If that’s not one of the greatest March Madness runs of all-time – beating three #1 seeds with a ton of future NBA players – it’s certainly among the best.

March 21st, 1992: Names that don’t carry immediate recognition among sports fans, except for NCAA tournament geeks: James Forrest, Georgia Tech. He hit this buzzer beater for the Yellow Jackets as they pulled a 2nd round upset of 2nd seeded Harold Miner and USC.

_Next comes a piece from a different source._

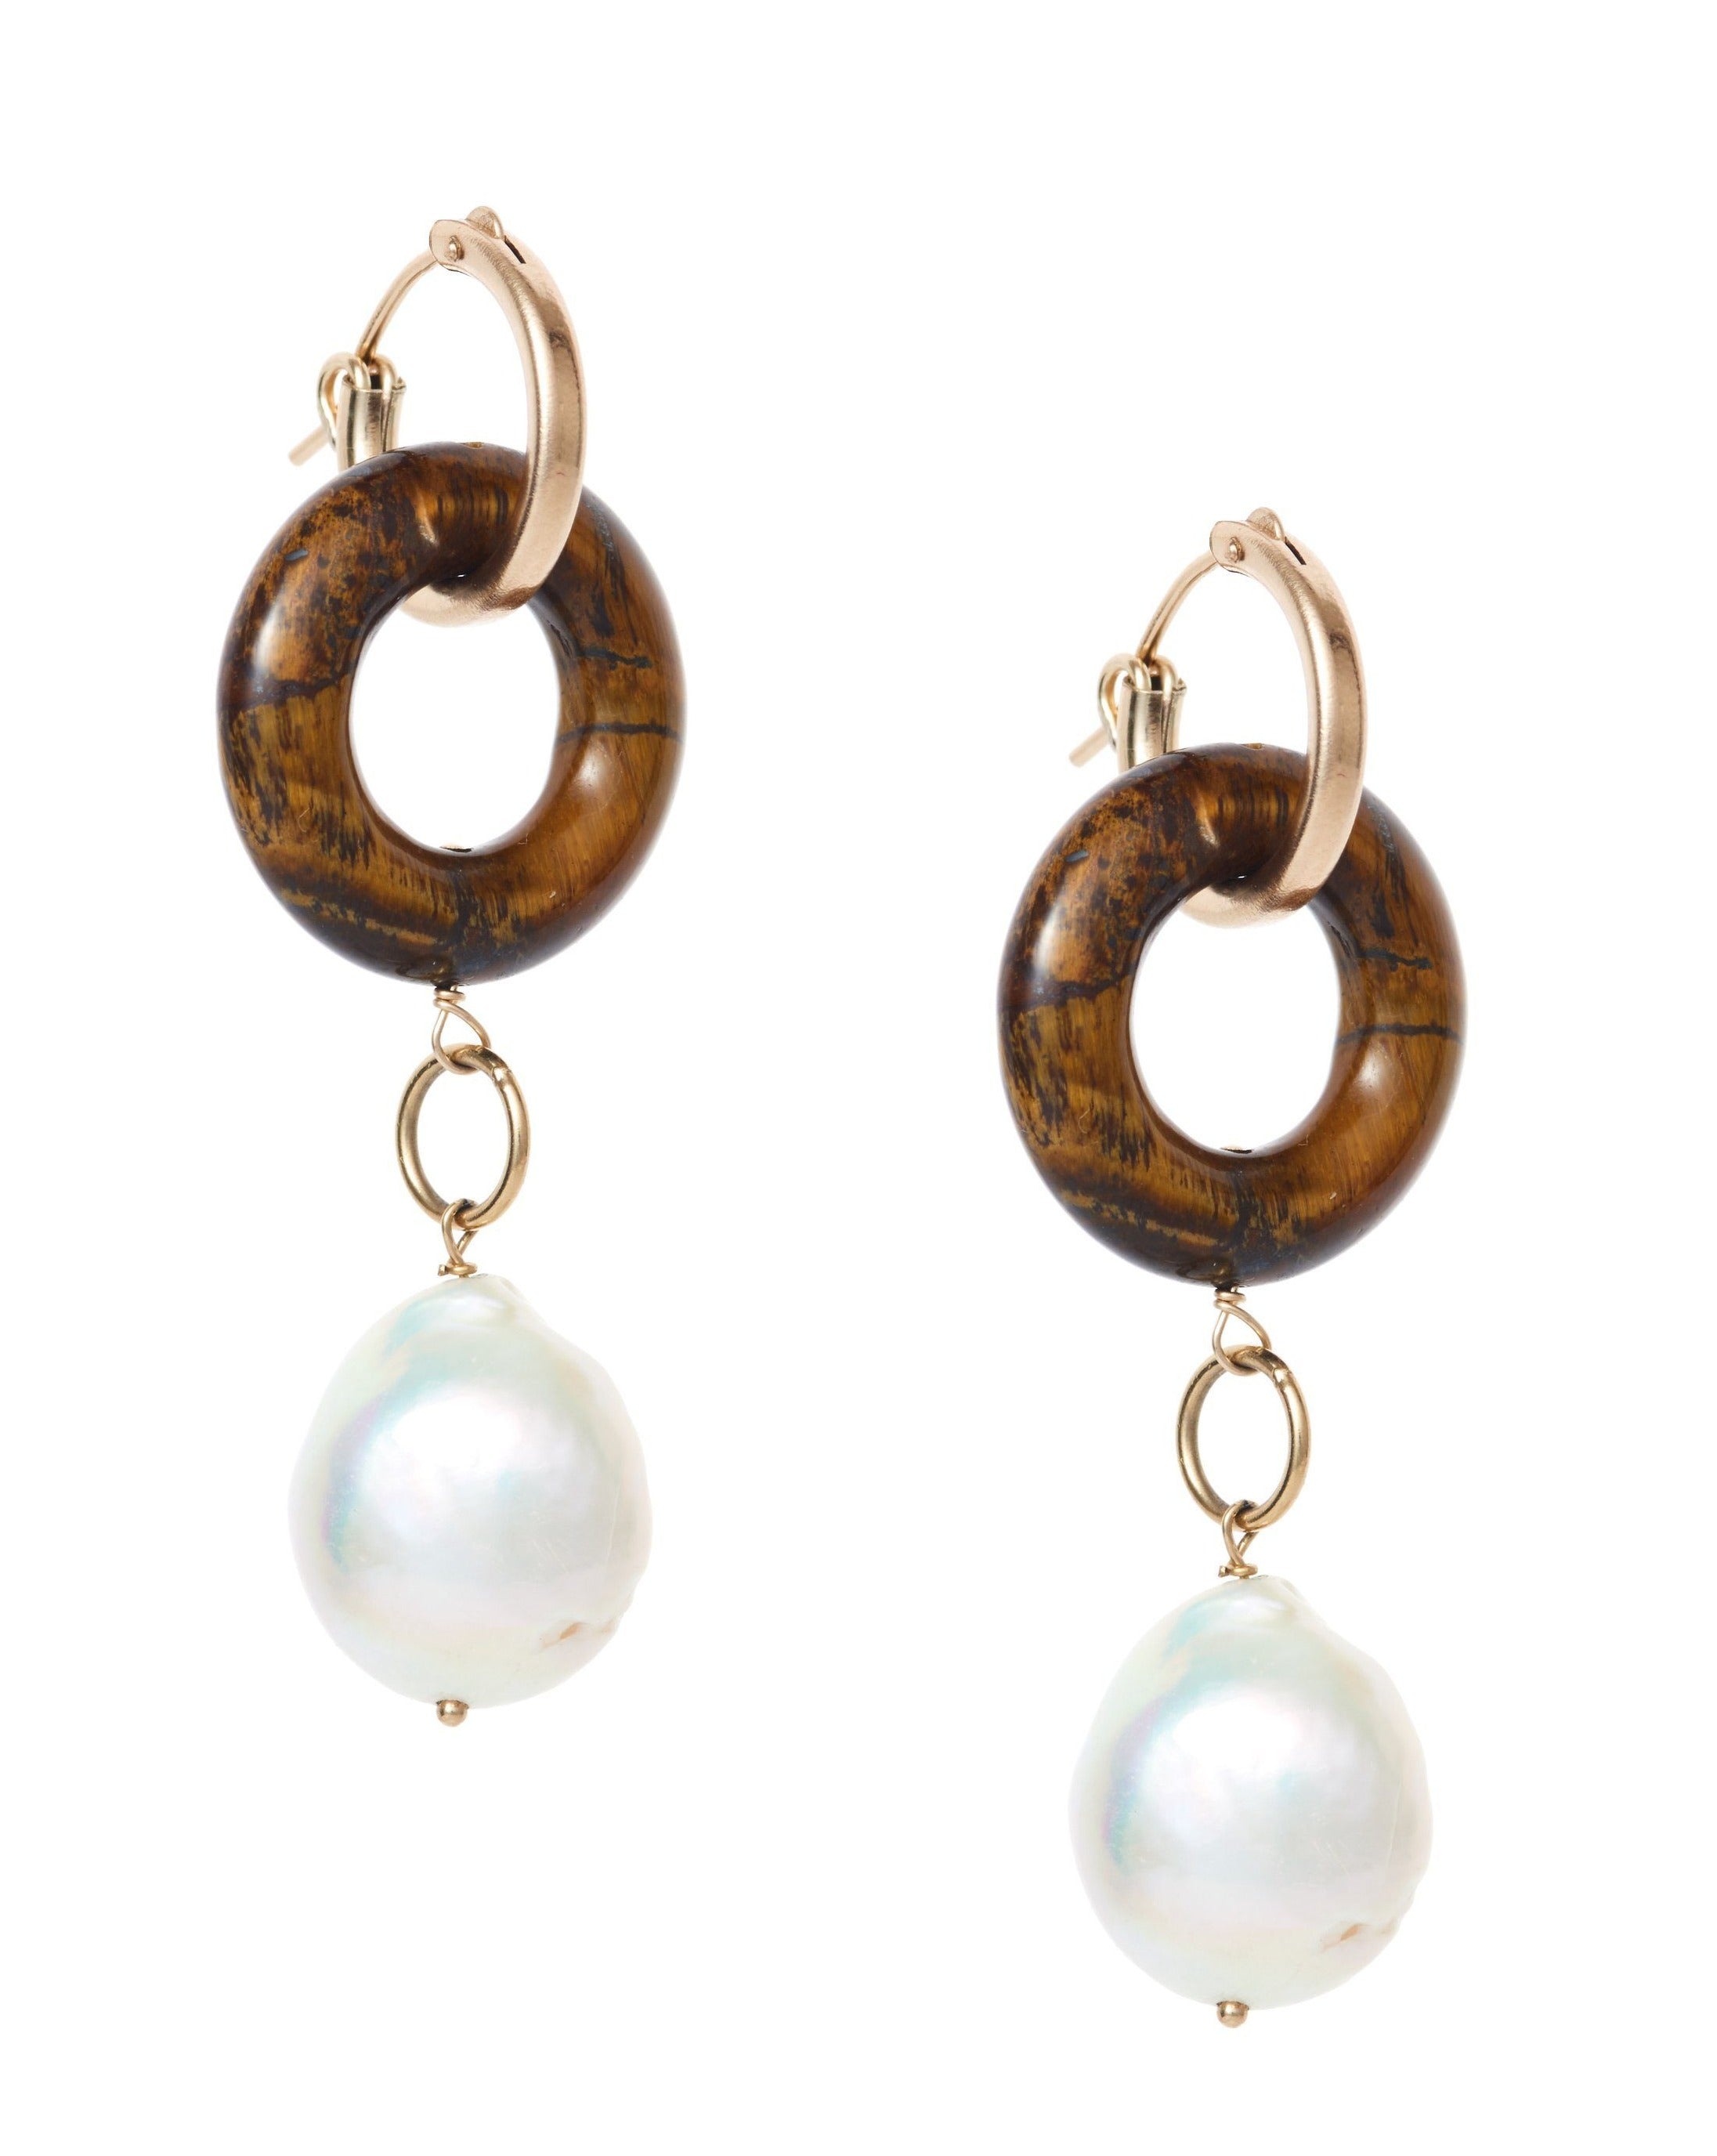 Cerceau Pearl Hoops by Kozakh. 15mm hoop dangling earrings with snap closure, crafted in 14K Gold Filled, featuring a doughnut shape Tiger's Eye gemstone and a Baroque Pearl.

Dick Stockton and Al McGuire were on the call! Here’s the full game:

You could fast-forward to 1:39 (but then you’d miss Harold Miner, who at the time was being dubbed Baby Jordan because he could jump) when Rodney Chatman hit a clutch shot with two seconds left to take the lead.

The Yellow Jackets had to go the length of the floor, but the pass was deflected out of bounds away from Jon Barry, leaving 0.8 seconds left. And then Forrest, a freshman (15 points), hit a miracle shot.

March 21st, 2002: Who can forget Indiana 74, Duke 73 in the Sweet 16? That Blue Devils team was loaded – all five starters had NBA careers. But Duke was playing in Lexington, and thus Indiana had a decided home-court advantage. Also, the Hoosiers had Jared Jeffries, who basically got himself into the lottery by dominating Carlos Boozer to the tune of 24 points and 15 rebounds.

Tom Coverdale gave Indiana its first lead of the game in the final minute (9-minute mark in the video below), and then things got crazy. Indiana went up four, but Jay Williams hit a 3-pointer and was fouled with four seconds left!

Watch Indiana coach Mike Davis dive into the bench after the foul. But Williams missed the FT. Still, Boozer got the rebound! He also missed, and Duke lost.